■ YOUR GOAL:
Leaving out every picture, quote the data below exactly as it appears.

■ THE DATA:
════════

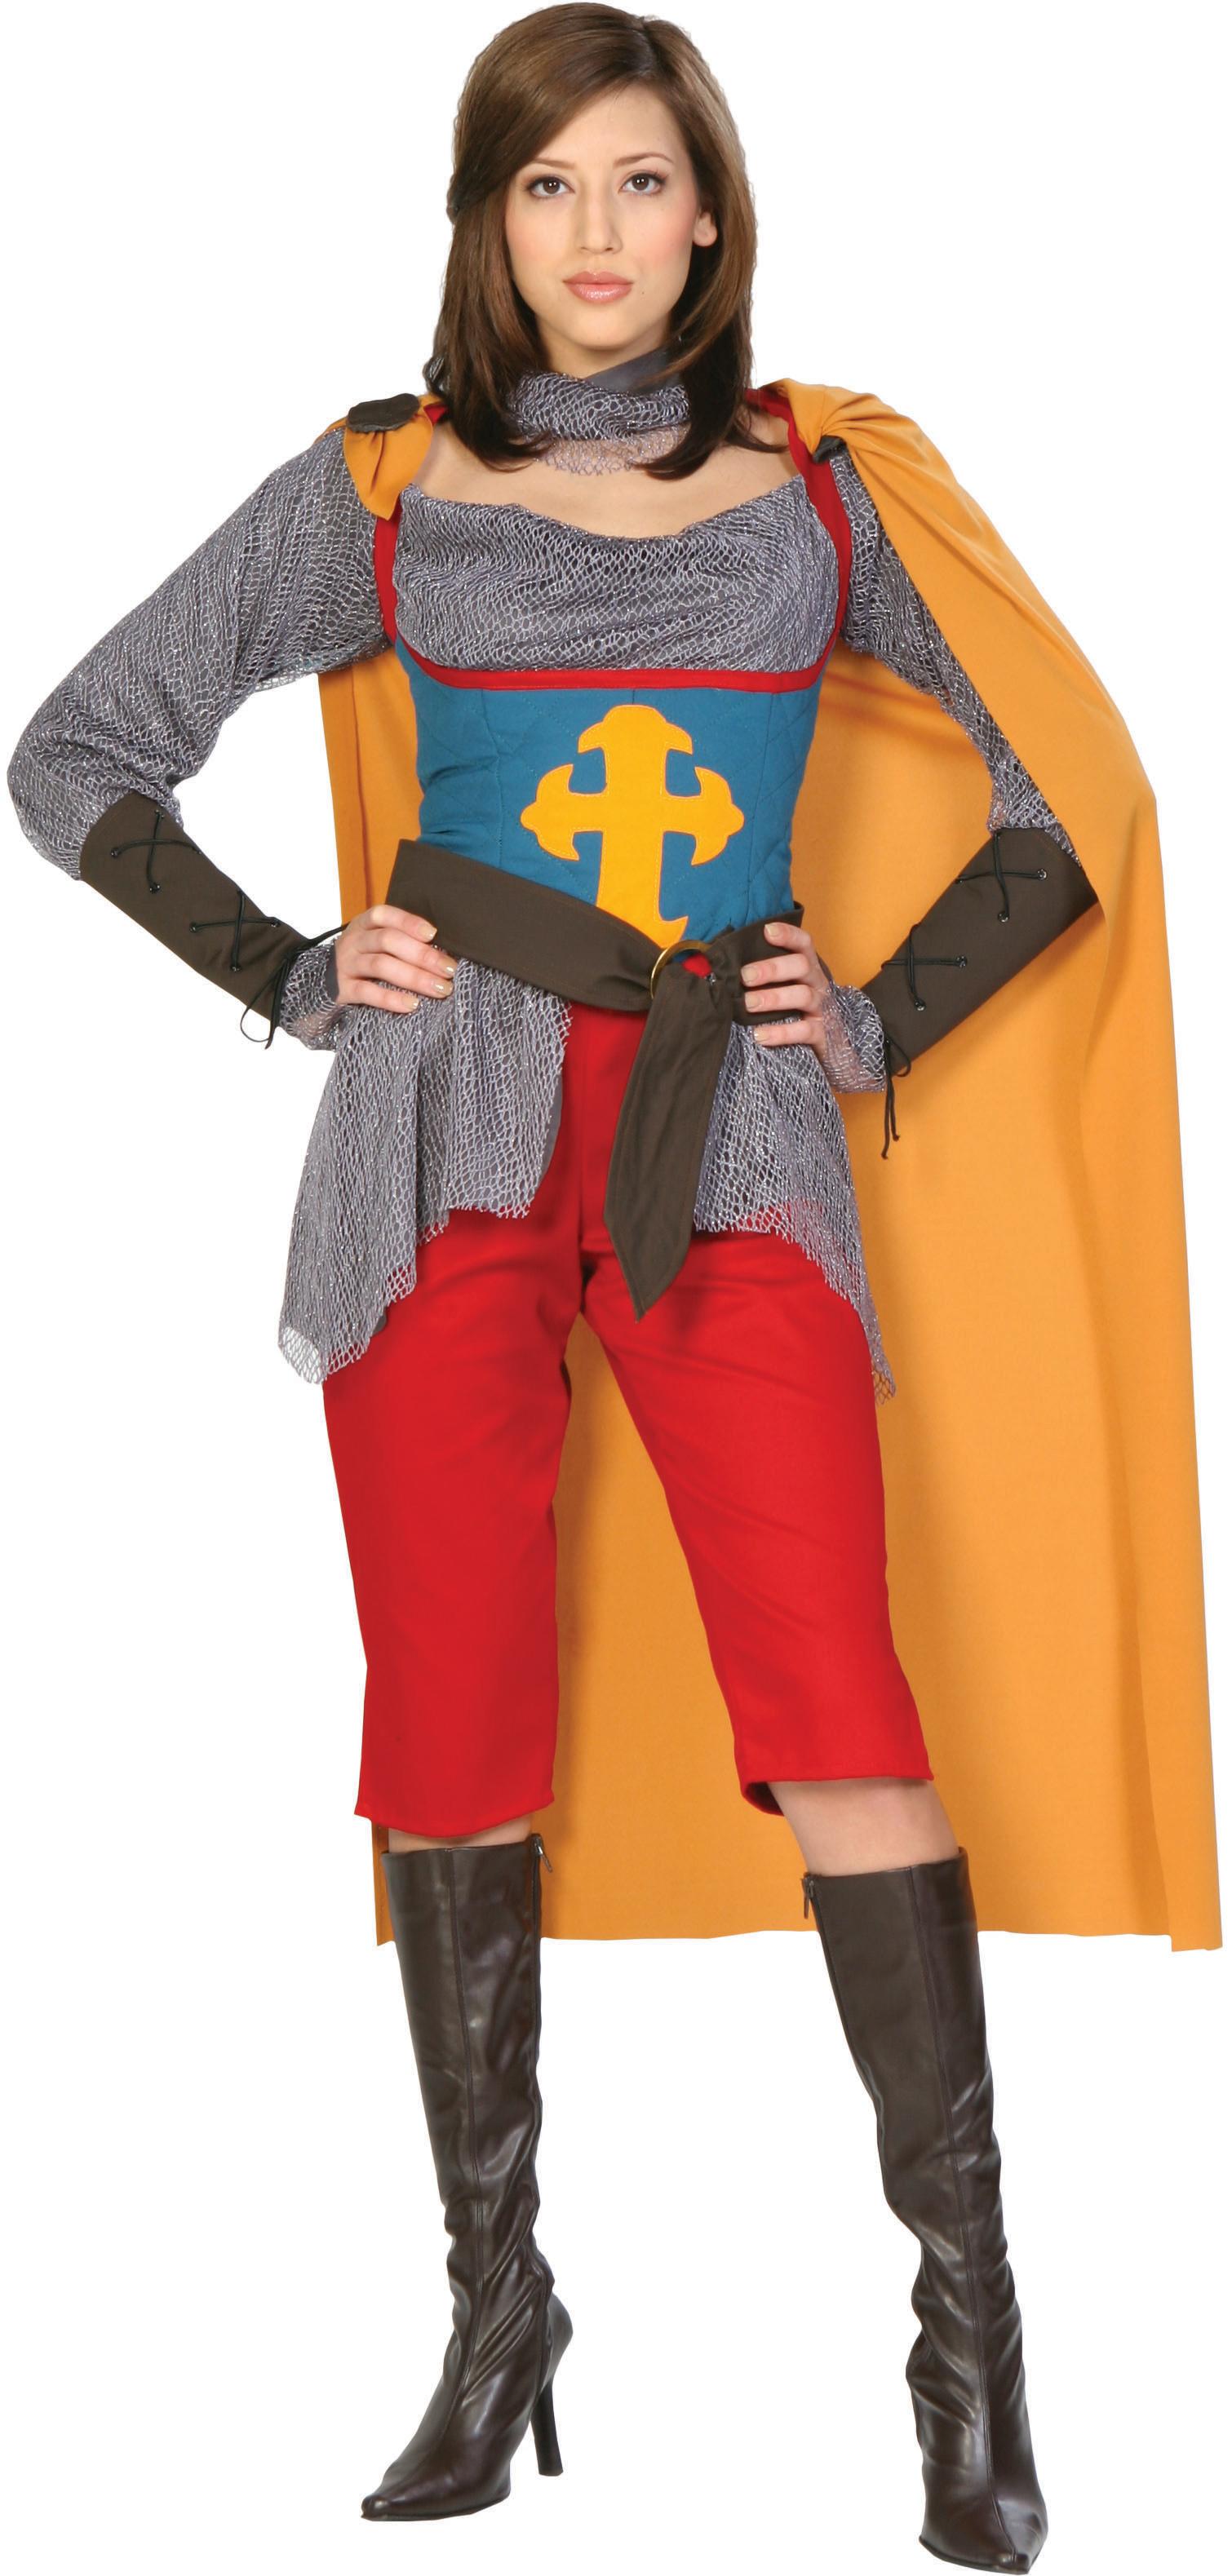 Joan Of Arc Adult Costume - SpicyLegs.com
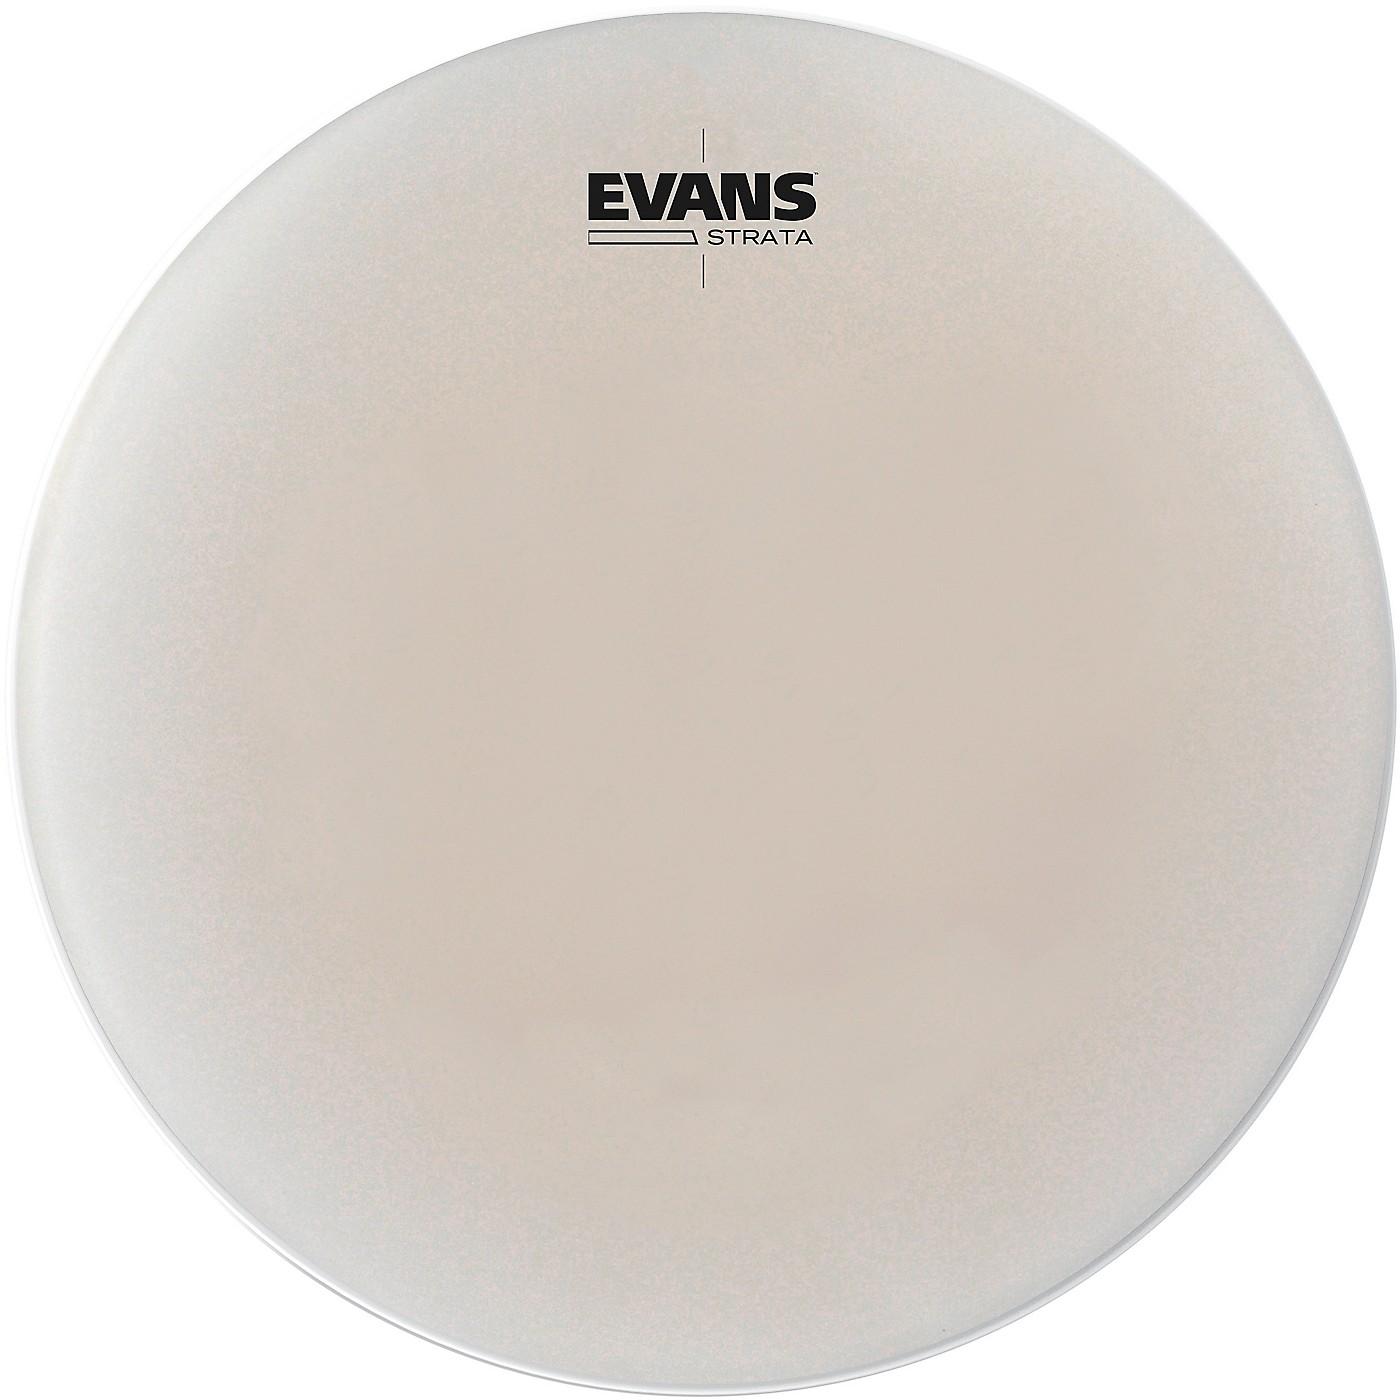 Evans Strata Series Timpani Drum Head thumbnail
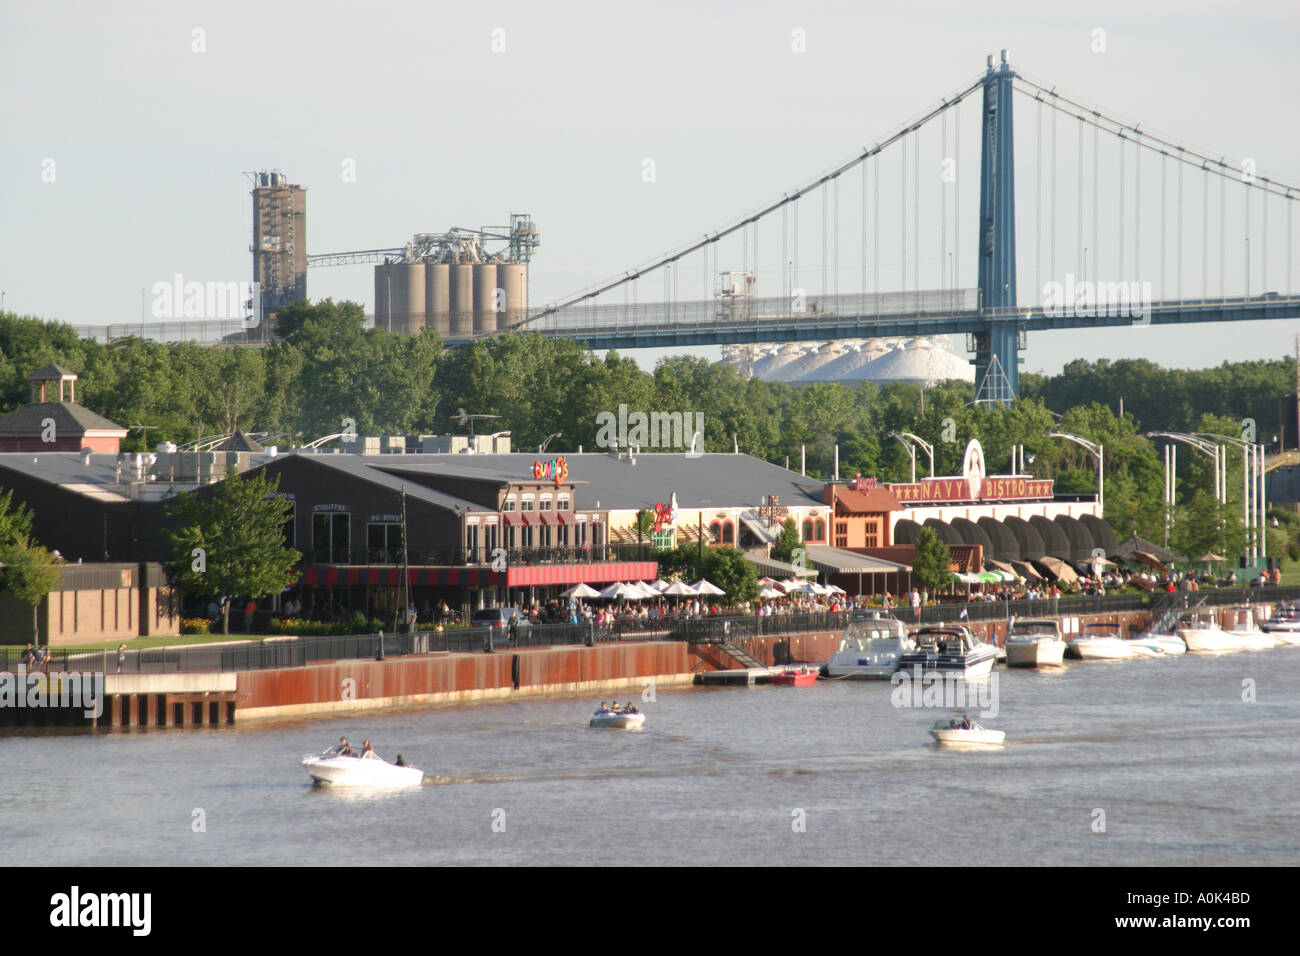 Ohio lucas county maumee - Stock Photo Toledo Ohio Maumee River The Docks High Level Bridge Boats

════════

■ ANSWER BOX:
 Joan Of Arc Adult Costume - SpicyLegs.com
 Evans Strata Series Timpani Drum Head thumbnail
 Ohio lucas county maumee - Stock Photo Toledo Ohio Maumee River The Docks High Level Bridge Boats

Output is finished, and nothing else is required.